O artigo recomenda que avisos de saúde e responsabilidade pessoal e verificações do estado e da companhia aérea sejam realizados para impedir a viagem de pessoas com sintomas. "Medidas rigorosas de prevenção e controle de infecções a bordo são vitais para reduzir o risco de transmissão sintomática e assintomática durante o voo. Restrição de movimento na chegada e rastreamento de contato robusto são essenciais para limitar a propagação pós-voo", indicam os autores.

'Usar máscara é a medida essencial nos voos'
O virologista Paulo Eduardo Brandão, da Universidade de São Paulo (USP), destaca que as principais formas de transmissão do coronavírus são por gotículas que saem durante a tosse e a fala, por exemplo, e por aerossóis, que ficam suspensos no ar. O uso da máscara serve como forma de prevenção para ambas as possibilidades.

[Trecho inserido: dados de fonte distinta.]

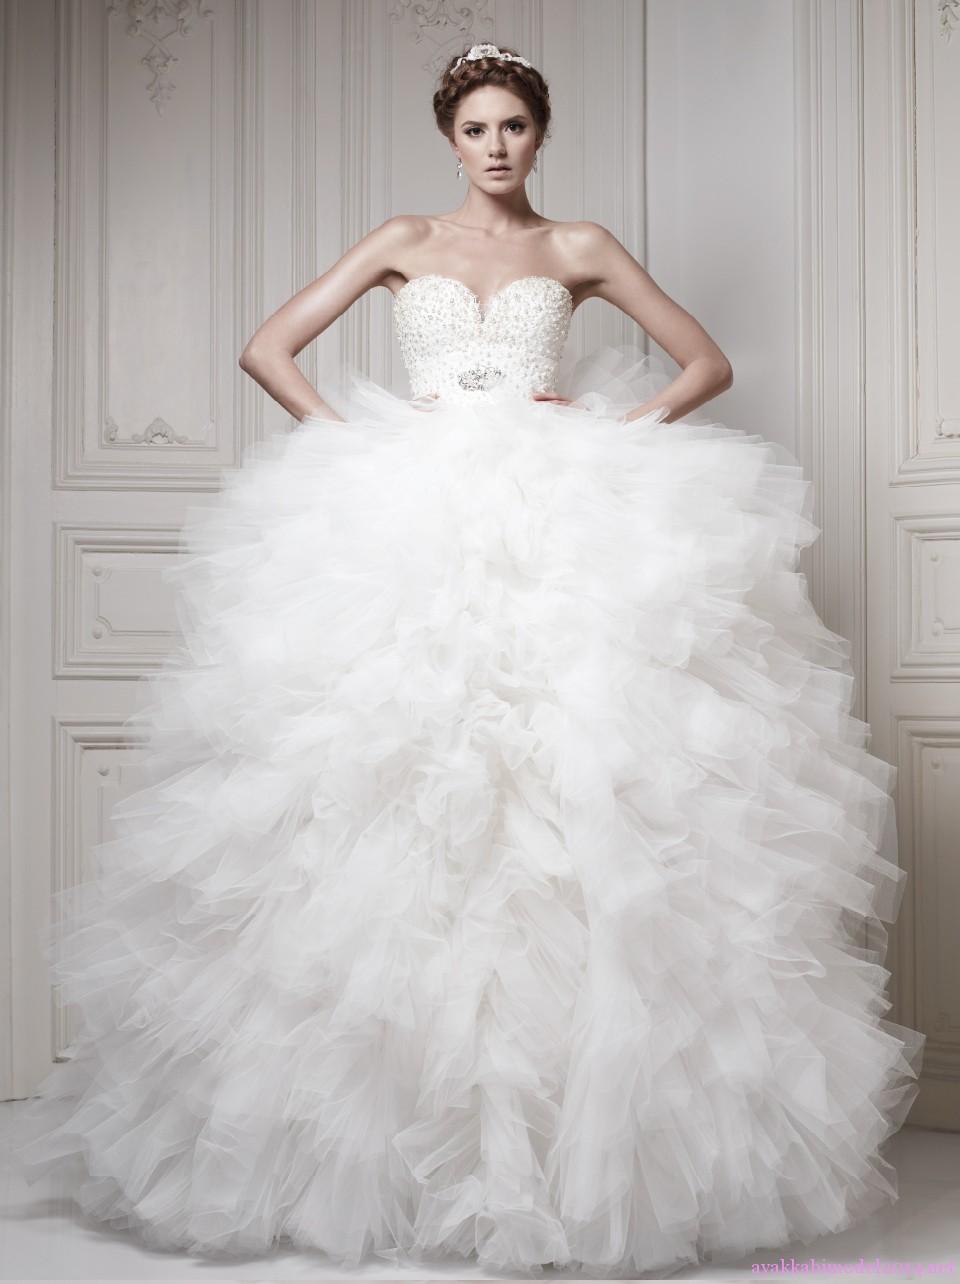 اروع تشكيلة فساتين زفاف منفوشة 2015

— Não há como garantir que nesse caso os passageiros não tiveram algum relaxamento. Ao tirar a máscara ao ir ao banheiro, ou para comer, por exemplo. O uso de máscaras é a principal medida essencial durante os voos — afirma Brandão, e acrescenta que o espaçamento entre os assentos também é importante.

Sylvia Lemos Hinrichsen, consultora em Biossegurança e Controle de Infecções e Riscos da Sociedade Brasileira de Infectologia, explica que, de modo geral, nas viagens por transportes aéreos a segurança vai depender do controle que os próprios passageiros vão ter durante o voo e principalmente nos aeroportos.

— É preciso seguir os pilares de lavar as mãos, higienizar o ambiente, usar as máscaras e manter distanciamento entre as pessoas, principalmente no lobby no aeroporto — afirma.

A infectologista, que também é professora da Universidade Federal de Pernambuco (UFPE) acrescenta ser recomendado buscar voos mais curtos.

— É difícil manter os quatro pilares de cuidados em voos mais longos. Será que os passageiros desse voo para a Irlanda ficaram sem circular, usando a máscara o tempo todo e higienizando as mãos? É difícil — avalia.

A infectologista Tania Chaves, membro da Sociedade Brasileira de Infectologia, destaca que o estudo mostrou uma alta faixa de ataque, ou seja, a capacidade de encontrar pessoas infectadas a partir de um caso primário: de 9,8% a 17,8%.

— Uma faixa de ataque de quase 20% não é desprezível. É realmente um vírus altamente transmissível — afirma.

Ela avalia que o artigo serve como um alerta para a segurança do ambiente das aeronaves.

— Apesar de sabermos que o ar é renovado a cada 3 minutos e há uma filtração de ar reconhecidamente de alta segurança, ela não é absoluta. Por isso as viagens intercontinentais, principalmente as de longa duração, devem ser evitadas. Somente para situações essenciais — indica.

Harvard: risco de Covid-19 no avião é 'muito baixo'
Outro estudo, publicado por pesquisadores da Escola de Saúde Pública de Harvard nesta terça-feira, indicou que os riscos de transmissão da Covid-19 durante voos aéreos são muito baixos, inclusive menores do que o de outras atividades de rotina durante a pandemia, desde que sejam usadas máscaras e tomadas medidas de segurança.

De acordo com a agência de notícias Reuters, o relatório foi financiado pelo grupo comercial Airlines for America e um consórcio de fabricantes de aeronaves e operadoras de aeroportos. O estudo destaca que os aviões são equipados com sistemas de ventilação que renovam o ar da cabine em média a cada 2 ou 3 minutos e removem mais de 99% das partículas do tamanho das que causam a Covid-19.